Le
trasformazioni in atto nei paesi dell’Africa meridionale porteranno o
meno all’estinzione del popolo dei Boscimani e della sua cultura?
Analizzando il quadro attuale, direi che i presupposti per un’estinzione
graduale siano già in atto da tempo e in maniera irreversibile.
Non
possiamo parlare di culture immutate nel tempo, perché come ci racconta
la storia, tutta l’Africa meridionale è stata oggetto d’incontri e
scontri tra diverse popolazioni.
Certo è, che agli occhi di un
visitatore esterno, questo popolo appare come è rimasto alle origini.
Questi si sente come, un avventuriero, quasi un esploratore sulle tracce
del famoso David Livingstone scopritore delle cascate Vittoria. Il
turista medio ha infatti la presunzione, al rientro dal viaggio, di
essere riuscito a cogliere da alcuni frammenti di vita un intero mondo,
sconosciuto alla sua realtà quotidiana. Considerato che tutto è
organizzato per favorire questa percezione, è chiaro che ci troviamo di
fronte a un’evidente e inconsapevole alterazione della realtà.
In
Botswana convivono varie discendenze culturali, ognuna delle quali con
caratteristiche proprie. Non dobbiamo dimenticare che un tempo i
“padroni di casa” erano i boscimani, oggi considerati ospiti
indesiderati.
Per quale ragione? Forse perché troppo primitivi, rispetto alla cosiddetta “società civile”?

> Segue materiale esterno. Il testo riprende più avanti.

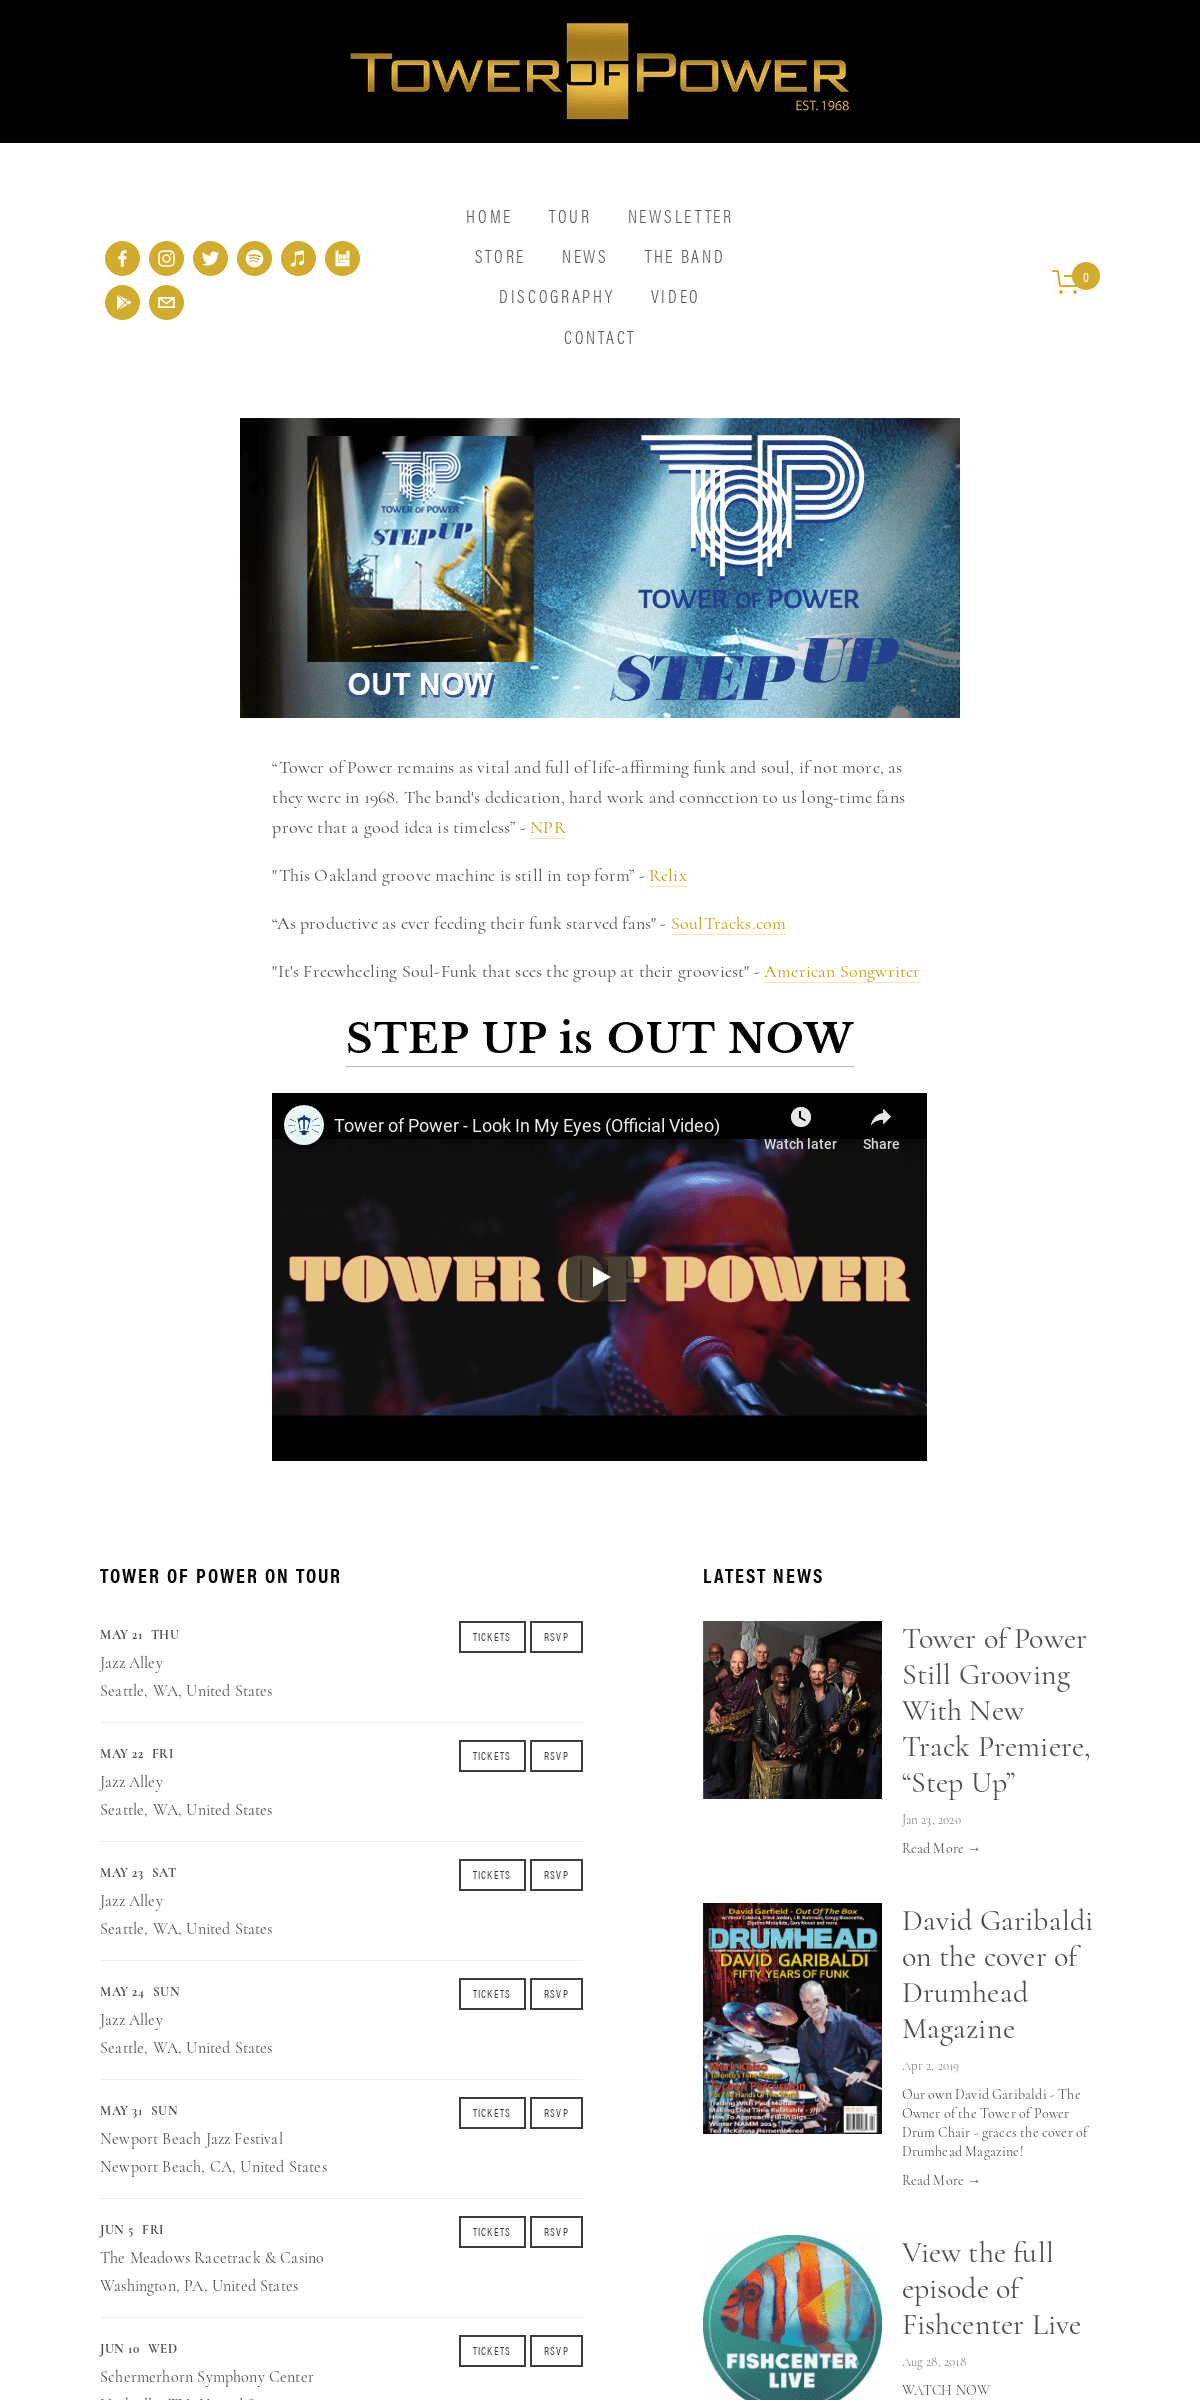 A complete backup of towerofpower.com

In effetti le differenze ci sono e sono anche evidenti; preso atto di
ciò è proprio l’elemento della spiccata diversità, il punto da cui
iniziare un percorso di tutela e valorizzazione.
Oggi la
concentrazione maggiore di Boscimani è in Botswana e Namibia. Questo
popolo ha un forte richiamo sui turisti che decidono di recarsi in
queste aree. Infatti gli operatori e le guide turistiche includono nei
loro programmi di viaggio le visite alle Riserve e l’incontro con i
cacciatori - raccoglitori in uno dei piccoli villaggi.
All’interno
di queste comunità il boscimane non conduce una vita dedita alla caccia e
alla raccolta, ma è a disposizione dei numerosi turisti che, armati di
macchine fotografiche e videocamere, immortalano ogni momento vissuto
nel villaggio. Le gesta, le danze, la preparazione degli strumenti per
la caccia, sono tutte azioni accuratamente studiate per
l’intrattenimento.
L’uomo occidentale, è consapevole del fatto che
questa diversità permette al governo locale di trarre un profitto
economico. La spirale che si innesca è presto spiegata; il boscimane,
oramai emarginato si trova nell’esigenza di ricorrere a mezzi diversi da
quelli che gli sono propri, per potersi sostentare, mentre l’europeo
che invece, possiede il potere economico, monetizza, la cultura di
questo popolo, riducendola a mero spettacolo e pensa con la sua presenza
di contribuire a migliorare le condizioni di vita di questo popolo.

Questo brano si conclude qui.